B O D Y: Jacob was also active with the multimedia collective Paper Rad during Extreme Animals’ early days. Was Extreme Animals meant to build on the ideas you were exploring with Paper Rad? How do you conceive of the relationship between the two projects during that period?

David: Extreme Animals was surely connected to a lot of ideas and practices that were present in Paper Rad: Sonic Youth, staying hydrated, “some galleries don’t have walls”, etc… But there were other things that were different: interest in classical music, the bro lifestyle, academia, linkin park, etc.

Paper Rad was a family and Extreme Animals were/are friends. Though I’m starting to feel that Jacob is actually my brother. I should make a Venn diagram for this with each member of Paper Rad’s interest overlapping with each member of Extreme Animals interests but I won’t.

On the Paper Rad Tours (“The Year of The Troll” and “Summer of HTML”) there would be 4 or 5 bands made up of a rotating cast of 4-6 people. Like the Paper Rad website all these bands were different but you could tell that they were coming from the same place of inspiration.

B O D Y: I was wondering if you two could tell us something about your collaborative process. Do you begin with an idea and then look for material and compose around that, or does the process begin with a piece of source material or a musical motif?

David: The pieces usually begin with the music and the videos are constructed around the music. But I think both of us are always looking for material that we can work with and archiving it. Putting it in folders on the desktop.

Jacob: (an actual desk top though, we would never use a computer desktop that is whack.)

With the early stuff I think me and David would play each other songs we liked (usually pop songs) and then David would go off and write compositions on his midi keyboard. We would then route those midi files into my keyboards, drum machines and feedback loops. I would figure out how to improvise vocals over the midi files and David would figure out how to improvise on a drum kit to the tracks.

Now I think we definitely have a more diverse approach. Sometimes David comes in with ideas, sometimes I do. Sometimes now it’s an audio sample. There have been 2 recent examples of us using David’s knowledge of Western classical music as a starting point (“Meditations on a Theme” by Thais and “Canon in D” by Pachelbel).
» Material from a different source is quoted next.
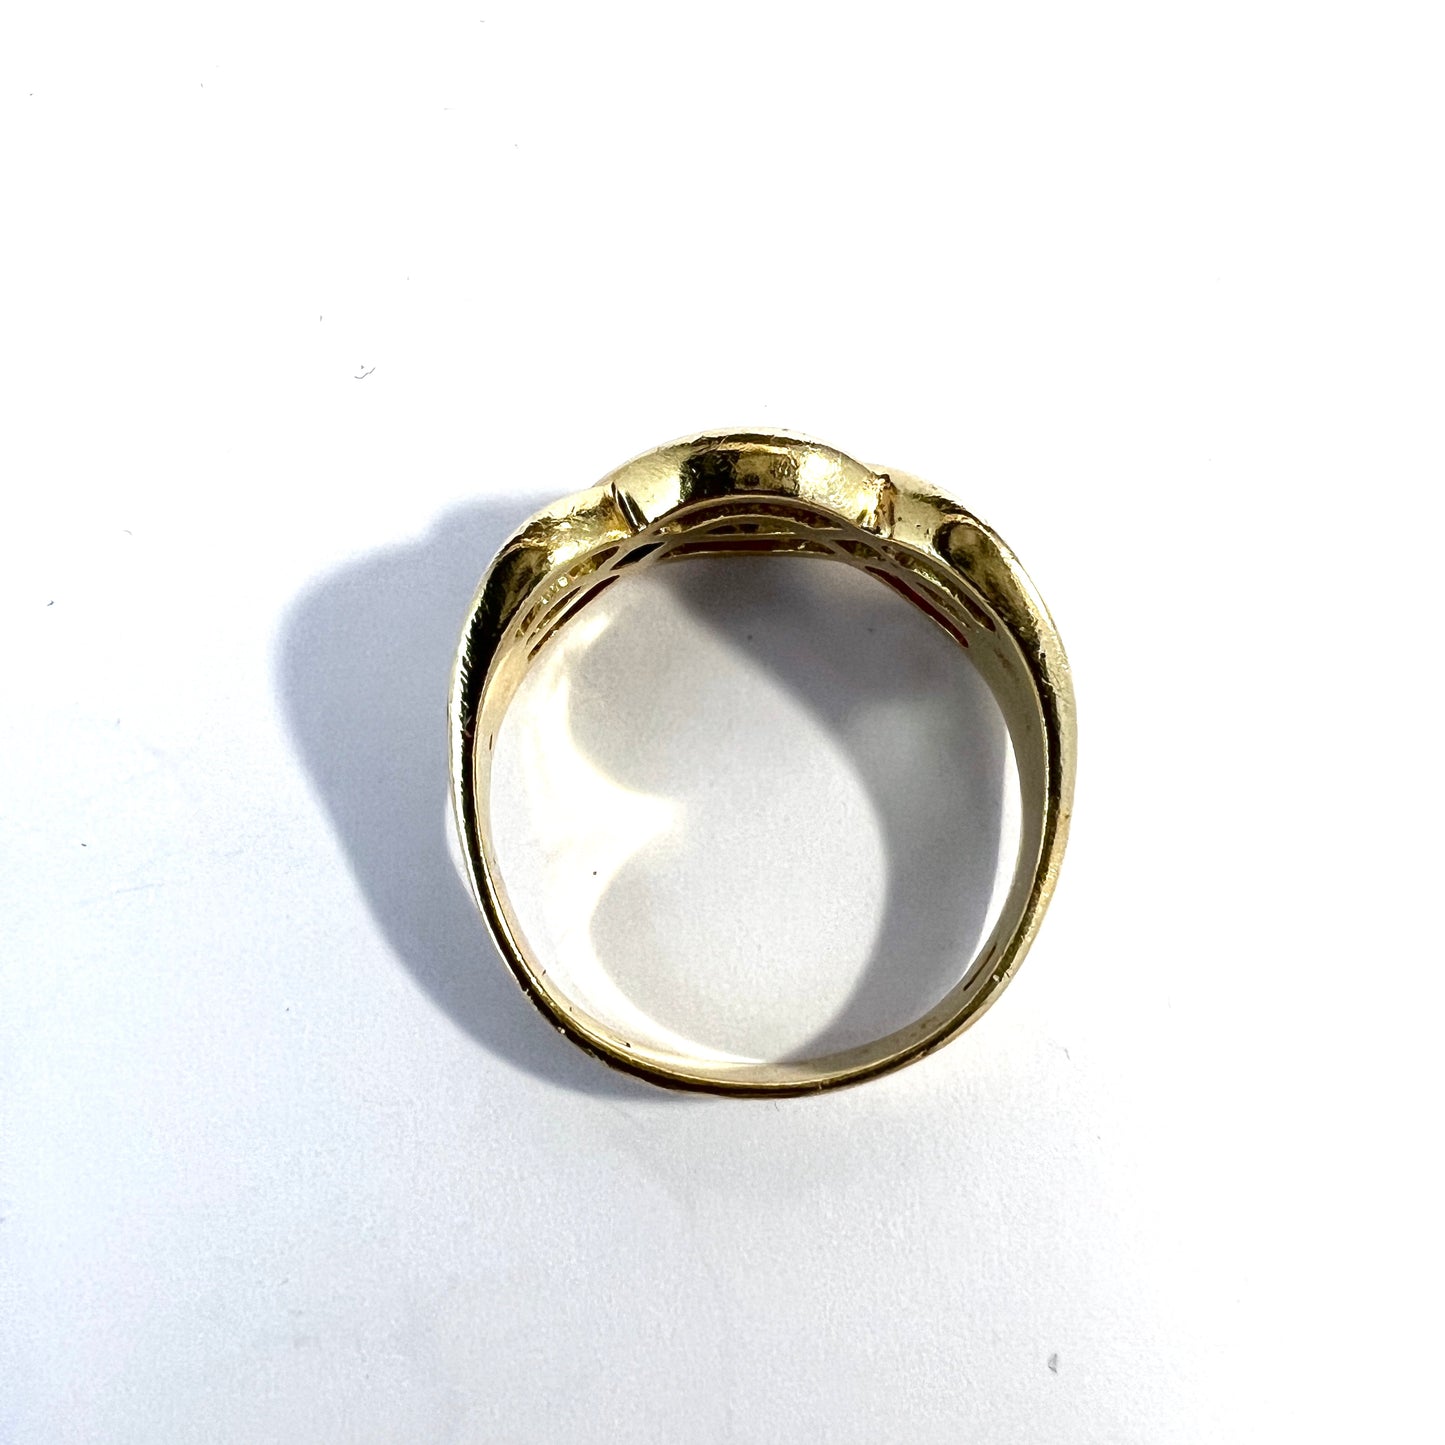 Italy c 1960s. Vintage 18k Gold Diamond Ruby Ring.
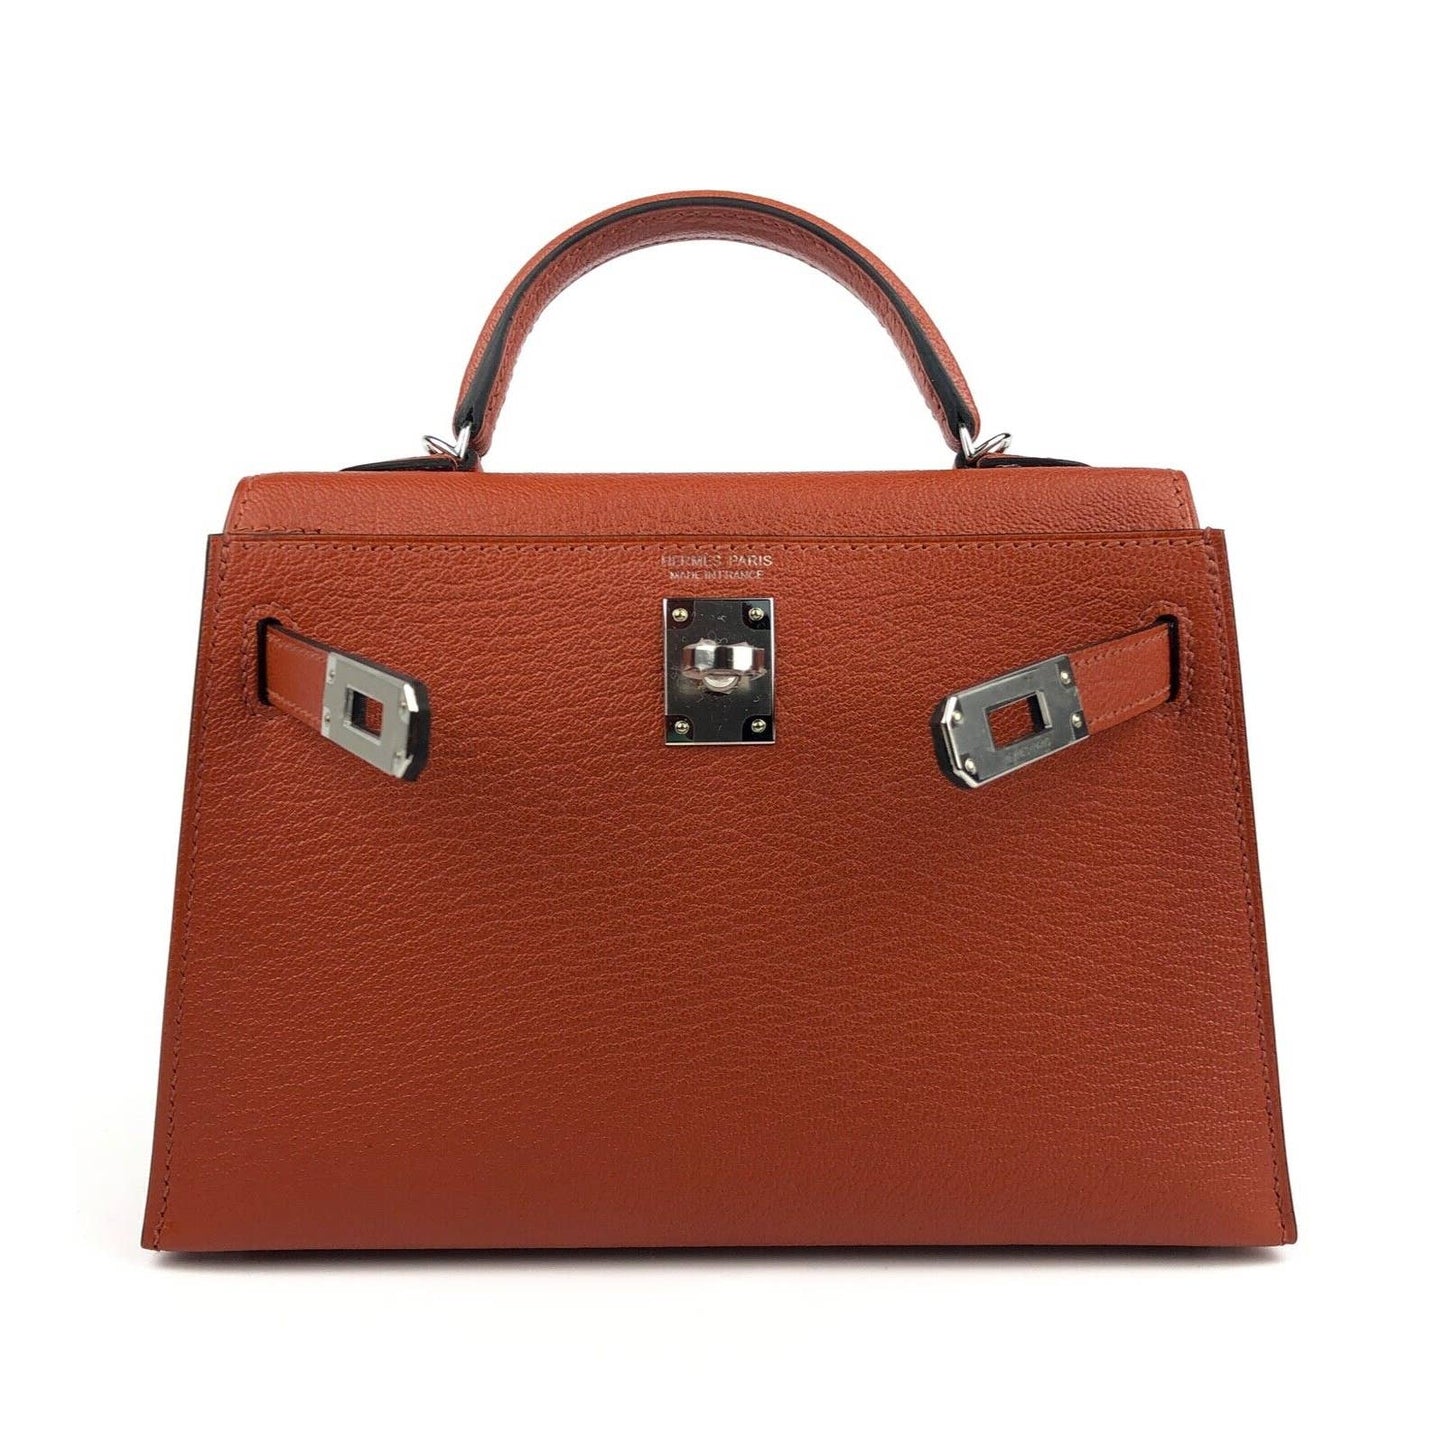 Hermes Mini Kelly 20cm Bag In Orange Clemence Leather

I think there must have been an example where the video idea came first but I can’t think of one… We do a range of different “sets” now, each one where we are thinking about different contexts.

B O D Y: One thing that is interesting about your multifaceted practices is the way in which they comprise work within a great variety of milieus. The two of you have taught, curated, and exhibited for such institutions as UCSD, Carnegie Melon, Rhizome, and Eyebeam, but you also DJ, make music videos, and maintain a project like Extreme Animals, which has performed in such museums as the MoMA and the Museum of the Moving Image as well as DIY spaces. What does it mean to you to work across these different contexts?

David: I think it’s important to us because we have always existed in different fields. We grew up submerged in these different worlds—going from boys choir to punk shows. I don’t think that’s unusual or special anymore. To isolate these “milieus” (I like that, gonna steal it ☺) makes sense and is easier to manage but seems a little insincere, almost like a lost opportunity. Maybe that’s a little dramatic.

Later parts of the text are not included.